Active and Passive Exploitation of Light at the Nanometre Scale

Project Context and Objectives:

Light and the various ways it interacts with matter is our primary means of sensing the world around us. It is therefore no surprise that many technologies are based on light; for example submarine optical fibres make up the backbone of the Internet and display technology now delivers affordable and compact crystal clear televisions. However, light itself has a limitation that we are still trying to overcome: light cannot be imaged or focused below half its wavelength, known as the “diffraction limit”. To see smaller objects we have typically been constrained to using shorter wavelengths. Today, we are learning to overcome this limit by incorporating metals in optical devices. The proposed research investigates the use of metals to shatter the diffraction limit for creating new technological products, expand the capabilities of computers and the internet and deliver new sensor technologies for healthcare, defense and security.

With any new type of control come caveats. Firstly, it is difficult to focus light from its normal size beyond the diffraction limit. Secondly, having overcome the first challenge, light on metal surfaces is short lived due to a metal’s resistance. My research is geared to directly address these challenges. The core objectives of this research are: i) to develop a “Silicon plasmonics” technology to seamlessly transform optical energy between conventional and nano-scale optics in order to access strong linear and non-linear effects within compact optical devices; and ii) to develop commercially relevant “nano-laser” light sources for sensing applications and to explore the physics of light matter interaction at the nanoscale.
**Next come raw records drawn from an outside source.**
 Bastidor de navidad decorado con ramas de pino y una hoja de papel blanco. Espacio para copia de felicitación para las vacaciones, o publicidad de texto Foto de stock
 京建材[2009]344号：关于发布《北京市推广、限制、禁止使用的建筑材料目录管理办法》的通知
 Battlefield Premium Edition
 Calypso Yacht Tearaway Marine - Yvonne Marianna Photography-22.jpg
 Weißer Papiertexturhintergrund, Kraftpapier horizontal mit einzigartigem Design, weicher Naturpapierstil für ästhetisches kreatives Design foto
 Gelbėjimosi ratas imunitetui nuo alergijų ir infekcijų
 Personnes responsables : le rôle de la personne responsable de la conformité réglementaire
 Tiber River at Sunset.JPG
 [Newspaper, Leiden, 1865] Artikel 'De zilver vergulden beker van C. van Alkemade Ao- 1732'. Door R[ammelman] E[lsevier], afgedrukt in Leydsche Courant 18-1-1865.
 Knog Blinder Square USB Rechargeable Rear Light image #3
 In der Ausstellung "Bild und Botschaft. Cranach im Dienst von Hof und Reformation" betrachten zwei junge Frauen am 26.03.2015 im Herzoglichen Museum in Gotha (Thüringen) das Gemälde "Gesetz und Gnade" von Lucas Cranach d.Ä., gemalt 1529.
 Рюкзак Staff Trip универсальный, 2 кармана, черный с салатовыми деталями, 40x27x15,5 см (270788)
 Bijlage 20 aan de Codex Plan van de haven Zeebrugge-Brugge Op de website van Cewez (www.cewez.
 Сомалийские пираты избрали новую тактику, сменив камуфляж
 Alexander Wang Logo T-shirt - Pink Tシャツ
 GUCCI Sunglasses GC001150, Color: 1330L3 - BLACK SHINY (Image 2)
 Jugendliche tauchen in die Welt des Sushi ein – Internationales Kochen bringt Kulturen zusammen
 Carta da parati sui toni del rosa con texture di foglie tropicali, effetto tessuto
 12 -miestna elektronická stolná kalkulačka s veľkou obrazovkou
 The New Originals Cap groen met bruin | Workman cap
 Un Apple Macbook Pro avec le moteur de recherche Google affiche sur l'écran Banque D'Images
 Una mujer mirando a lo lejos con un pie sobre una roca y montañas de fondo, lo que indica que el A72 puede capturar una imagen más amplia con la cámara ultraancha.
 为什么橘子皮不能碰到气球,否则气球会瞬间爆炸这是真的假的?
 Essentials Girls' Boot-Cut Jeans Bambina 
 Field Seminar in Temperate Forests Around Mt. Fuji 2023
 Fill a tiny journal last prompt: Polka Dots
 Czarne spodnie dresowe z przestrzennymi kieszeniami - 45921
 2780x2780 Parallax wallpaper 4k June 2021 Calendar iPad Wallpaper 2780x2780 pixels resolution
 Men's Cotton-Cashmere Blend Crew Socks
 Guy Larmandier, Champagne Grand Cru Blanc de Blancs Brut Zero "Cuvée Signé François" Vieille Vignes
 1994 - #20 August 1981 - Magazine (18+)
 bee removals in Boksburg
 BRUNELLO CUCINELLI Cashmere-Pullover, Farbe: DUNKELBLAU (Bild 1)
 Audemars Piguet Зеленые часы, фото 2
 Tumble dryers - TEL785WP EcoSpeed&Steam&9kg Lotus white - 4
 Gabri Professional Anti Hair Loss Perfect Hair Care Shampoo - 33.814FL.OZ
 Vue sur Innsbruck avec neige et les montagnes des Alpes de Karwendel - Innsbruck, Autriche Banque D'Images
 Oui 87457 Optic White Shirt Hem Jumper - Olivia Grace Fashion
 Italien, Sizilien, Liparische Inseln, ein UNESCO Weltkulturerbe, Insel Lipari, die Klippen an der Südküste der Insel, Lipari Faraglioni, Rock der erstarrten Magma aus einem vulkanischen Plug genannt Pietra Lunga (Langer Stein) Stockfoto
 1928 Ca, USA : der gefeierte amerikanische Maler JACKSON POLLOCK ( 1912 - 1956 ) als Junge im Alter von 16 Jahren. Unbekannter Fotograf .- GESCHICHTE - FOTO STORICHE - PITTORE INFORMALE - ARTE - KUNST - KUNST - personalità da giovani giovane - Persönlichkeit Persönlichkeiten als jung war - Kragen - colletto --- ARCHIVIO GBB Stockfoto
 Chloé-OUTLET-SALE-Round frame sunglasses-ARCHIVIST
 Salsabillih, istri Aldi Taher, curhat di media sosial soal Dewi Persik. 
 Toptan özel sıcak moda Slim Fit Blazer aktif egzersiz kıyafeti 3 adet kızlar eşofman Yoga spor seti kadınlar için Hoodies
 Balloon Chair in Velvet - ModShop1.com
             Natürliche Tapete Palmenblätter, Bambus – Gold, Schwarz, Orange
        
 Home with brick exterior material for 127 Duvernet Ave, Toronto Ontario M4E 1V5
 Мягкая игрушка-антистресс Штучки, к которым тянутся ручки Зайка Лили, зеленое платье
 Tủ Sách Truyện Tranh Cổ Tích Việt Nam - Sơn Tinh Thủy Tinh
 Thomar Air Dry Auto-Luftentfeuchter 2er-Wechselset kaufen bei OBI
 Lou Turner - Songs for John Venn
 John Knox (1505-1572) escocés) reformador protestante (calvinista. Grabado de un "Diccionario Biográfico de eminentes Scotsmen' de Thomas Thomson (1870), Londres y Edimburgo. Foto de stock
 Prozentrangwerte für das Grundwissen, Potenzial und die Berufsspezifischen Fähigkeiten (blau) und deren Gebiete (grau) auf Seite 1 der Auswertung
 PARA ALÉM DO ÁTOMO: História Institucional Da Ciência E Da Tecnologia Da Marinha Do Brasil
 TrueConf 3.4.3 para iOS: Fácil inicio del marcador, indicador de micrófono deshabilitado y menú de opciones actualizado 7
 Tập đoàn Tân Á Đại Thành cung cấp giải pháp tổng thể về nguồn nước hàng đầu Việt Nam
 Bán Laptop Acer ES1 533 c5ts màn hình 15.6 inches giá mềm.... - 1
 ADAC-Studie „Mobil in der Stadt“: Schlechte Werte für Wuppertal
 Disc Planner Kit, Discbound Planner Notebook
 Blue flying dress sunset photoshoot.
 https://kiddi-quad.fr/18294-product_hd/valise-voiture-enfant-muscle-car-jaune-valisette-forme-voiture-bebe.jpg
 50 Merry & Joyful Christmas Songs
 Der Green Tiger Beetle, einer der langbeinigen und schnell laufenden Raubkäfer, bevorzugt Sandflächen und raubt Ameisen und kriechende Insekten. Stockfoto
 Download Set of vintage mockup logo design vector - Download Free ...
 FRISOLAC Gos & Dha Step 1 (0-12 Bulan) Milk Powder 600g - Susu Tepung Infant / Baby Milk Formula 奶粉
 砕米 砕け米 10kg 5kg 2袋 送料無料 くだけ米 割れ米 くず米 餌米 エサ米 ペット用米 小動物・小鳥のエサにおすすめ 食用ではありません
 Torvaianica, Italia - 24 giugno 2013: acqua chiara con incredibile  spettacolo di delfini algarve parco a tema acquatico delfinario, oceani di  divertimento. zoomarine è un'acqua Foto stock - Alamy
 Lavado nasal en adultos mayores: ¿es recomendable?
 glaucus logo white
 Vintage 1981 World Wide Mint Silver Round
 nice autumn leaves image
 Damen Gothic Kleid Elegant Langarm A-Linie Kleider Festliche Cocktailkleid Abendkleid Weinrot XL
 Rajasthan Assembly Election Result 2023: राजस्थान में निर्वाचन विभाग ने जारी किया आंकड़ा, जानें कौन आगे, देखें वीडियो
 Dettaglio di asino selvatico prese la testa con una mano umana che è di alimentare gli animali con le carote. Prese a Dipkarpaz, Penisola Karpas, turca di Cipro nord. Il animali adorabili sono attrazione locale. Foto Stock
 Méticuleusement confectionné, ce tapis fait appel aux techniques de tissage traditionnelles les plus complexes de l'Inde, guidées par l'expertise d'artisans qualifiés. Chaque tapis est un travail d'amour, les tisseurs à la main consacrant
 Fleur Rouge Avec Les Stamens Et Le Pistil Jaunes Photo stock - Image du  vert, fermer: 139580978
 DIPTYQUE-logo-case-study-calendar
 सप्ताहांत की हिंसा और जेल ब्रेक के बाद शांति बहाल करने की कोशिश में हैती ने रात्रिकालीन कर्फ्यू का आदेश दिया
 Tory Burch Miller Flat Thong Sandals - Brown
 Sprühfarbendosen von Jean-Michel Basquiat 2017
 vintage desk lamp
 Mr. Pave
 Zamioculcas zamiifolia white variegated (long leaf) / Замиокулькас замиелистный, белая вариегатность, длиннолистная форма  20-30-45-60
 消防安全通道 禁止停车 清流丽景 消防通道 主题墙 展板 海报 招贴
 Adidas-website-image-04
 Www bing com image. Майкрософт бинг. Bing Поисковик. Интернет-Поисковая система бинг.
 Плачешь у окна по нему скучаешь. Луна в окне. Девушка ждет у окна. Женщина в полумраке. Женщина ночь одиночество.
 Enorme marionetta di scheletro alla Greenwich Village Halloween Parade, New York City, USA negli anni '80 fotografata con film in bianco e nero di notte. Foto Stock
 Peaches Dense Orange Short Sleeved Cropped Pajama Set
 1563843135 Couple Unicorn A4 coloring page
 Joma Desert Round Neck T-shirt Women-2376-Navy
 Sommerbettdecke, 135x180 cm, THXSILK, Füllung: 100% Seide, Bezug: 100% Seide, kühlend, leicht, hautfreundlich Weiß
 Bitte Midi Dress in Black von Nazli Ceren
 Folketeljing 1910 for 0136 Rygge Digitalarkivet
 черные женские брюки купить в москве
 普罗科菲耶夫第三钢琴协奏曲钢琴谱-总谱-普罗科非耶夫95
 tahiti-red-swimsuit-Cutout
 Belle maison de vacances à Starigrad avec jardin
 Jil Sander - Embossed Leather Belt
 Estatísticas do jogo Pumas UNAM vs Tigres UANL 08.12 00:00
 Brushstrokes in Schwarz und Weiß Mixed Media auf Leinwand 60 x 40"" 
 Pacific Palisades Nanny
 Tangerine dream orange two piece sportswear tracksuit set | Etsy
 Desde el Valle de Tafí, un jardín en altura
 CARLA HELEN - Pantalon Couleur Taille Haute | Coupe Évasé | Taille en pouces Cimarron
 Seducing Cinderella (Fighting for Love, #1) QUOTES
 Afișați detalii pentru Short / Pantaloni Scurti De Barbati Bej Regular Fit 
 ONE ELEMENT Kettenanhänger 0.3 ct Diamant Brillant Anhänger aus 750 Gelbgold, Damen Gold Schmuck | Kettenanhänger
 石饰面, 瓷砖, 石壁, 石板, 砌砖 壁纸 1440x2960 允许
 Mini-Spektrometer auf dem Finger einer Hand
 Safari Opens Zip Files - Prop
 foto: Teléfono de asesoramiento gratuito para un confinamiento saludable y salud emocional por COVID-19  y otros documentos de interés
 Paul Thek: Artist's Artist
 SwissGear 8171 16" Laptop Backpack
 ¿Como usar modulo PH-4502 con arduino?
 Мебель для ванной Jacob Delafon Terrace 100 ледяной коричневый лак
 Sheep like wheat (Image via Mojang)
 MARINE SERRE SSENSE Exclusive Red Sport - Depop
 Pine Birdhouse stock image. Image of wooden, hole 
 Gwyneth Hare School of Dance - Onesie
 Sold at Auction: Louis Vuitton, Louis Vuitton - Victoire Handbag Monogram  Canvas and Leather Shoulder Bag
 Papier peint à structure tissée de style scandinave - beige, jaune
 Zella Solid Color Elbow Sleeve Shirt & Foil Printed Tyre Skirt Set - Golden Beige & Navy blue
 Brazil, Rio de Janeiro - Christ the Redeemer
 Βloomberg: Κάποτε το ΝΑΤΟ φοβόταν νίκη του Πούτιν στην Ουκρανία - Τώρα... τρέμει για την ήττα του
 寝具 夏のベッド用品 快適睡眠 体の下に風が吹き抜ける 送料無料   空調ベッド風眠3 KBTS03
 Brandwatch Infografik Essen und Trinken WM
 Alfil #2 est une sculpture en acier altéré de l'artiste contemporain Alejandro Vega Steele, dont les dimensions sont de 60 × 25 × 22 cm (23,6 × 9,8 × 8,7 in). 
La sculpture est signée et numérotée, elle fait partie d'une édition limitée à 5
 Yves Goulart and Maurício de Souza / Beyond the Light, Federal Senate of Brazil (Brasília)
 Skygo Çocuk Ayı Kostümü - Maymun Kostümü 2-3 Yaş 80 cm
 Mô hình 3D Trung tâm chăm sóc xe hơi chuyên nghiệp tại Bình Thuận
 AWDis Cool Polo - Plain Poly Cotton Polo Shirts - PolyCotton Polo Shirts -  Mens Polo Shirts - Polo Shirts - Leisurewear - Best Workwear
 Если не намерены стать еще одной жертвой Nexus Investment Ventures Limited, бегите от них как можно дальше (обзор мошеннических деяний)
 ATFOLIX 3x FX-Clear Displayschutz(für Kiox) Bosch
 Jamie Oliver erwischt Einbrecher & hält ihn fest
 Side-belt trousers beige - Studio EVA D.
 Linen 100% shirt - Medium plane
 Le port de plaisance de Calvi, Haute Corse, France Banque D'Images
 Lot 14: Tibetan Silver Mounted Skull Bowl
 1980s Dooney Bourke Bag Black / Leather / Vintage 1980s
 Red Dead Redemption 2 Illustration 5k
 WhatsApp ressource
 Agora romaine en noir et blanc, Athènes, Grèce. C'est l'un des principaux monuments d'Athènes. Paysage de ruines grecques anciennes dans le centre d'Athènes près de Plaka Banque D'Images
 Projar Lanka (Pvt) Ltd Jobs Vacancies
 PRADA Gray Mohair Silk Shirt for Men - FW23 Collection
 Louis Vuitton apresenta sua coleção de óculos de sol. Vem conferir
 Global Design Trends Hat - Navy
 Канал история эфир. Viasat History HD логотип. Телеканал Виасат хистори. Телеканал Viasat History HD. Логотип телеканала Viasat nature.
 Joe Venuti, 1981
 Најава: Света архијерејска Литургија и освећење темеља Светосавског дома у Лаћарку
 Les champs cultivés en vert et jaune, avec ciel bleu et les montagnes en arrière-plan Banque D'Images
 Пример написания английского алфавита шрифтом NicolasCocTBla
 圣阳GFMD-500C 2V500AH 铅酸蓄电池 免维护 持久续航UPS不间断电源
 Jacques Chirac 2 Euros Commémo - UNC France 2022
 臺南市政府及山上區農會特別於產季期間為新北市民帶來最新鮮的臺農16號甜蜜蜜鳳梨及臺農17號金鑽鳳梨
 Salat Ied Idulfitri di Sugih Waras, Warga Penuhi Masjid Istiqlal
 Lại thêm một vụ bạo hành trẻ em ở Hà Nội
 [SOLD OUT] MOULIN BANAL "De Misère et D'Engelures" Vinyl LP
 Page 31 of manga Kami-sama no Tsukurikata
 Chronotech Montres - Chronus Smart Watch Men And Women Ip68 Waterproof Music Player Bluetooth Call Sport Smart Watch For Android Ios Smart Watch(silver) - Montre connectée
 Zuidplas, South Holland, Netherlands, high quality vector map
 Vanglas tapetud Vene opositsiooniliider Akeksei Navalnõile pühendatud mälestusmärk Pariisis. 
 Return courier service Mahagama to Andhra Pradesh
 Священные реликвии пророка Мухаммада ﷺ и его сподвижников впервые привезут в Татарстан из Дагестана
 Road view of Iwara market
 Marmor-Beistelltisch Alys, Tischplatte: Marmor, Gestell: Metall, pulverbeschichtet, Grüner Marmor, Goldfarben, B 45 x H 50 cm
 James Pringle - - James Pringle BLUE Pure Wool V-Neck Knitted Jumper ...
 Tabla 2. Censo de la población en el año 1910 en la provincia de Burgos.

The first objective builds on Silicon Photonics, a well-established commercial optical communications architecture. This ensures that success of the project has the potential for short to medium term impact on photonics technology. At the half way mark, this research has progressed to the proof of principle stage with both theoretical and experimental works showing tantalizing results. In particular, a key geometry has been identified that will be most effective in delivering the “promise of plasmonics” within a Silicon architecture.

The second objective builds on recent breakthroughs on surface plasmon lasers, which can generate light directly on the nano-scale and sustain it indefinitely by laser action. This overcomes both challenges in nano-optics simultaneously. While conventional lasers transmit light over large distances, it is the light inside surface plasmon lasers that is unique and can be used for spectroscopy at single molecule sensitivities. To date the project has produced new plasmonic laser devices. Using these, the project has also been able to identify that they are ultrafast laser by examining their time dynamics. Moreover, this research aims to make this technology commercially relevant by using III-V semiconductor materials. The project has recently seen theoretical feasibility studies and experimental advances that suggest these devices are achievable in the near future.

Dr. Oulton’s research is also supported by an UK EPSRC research Fellowship and Leverhulme Lectureship at Imperial College London. The Marie Curie IRG supports Dr. Oulton’s reintegration in the European research community, most notable allow for collaborations with researchers within European institutions.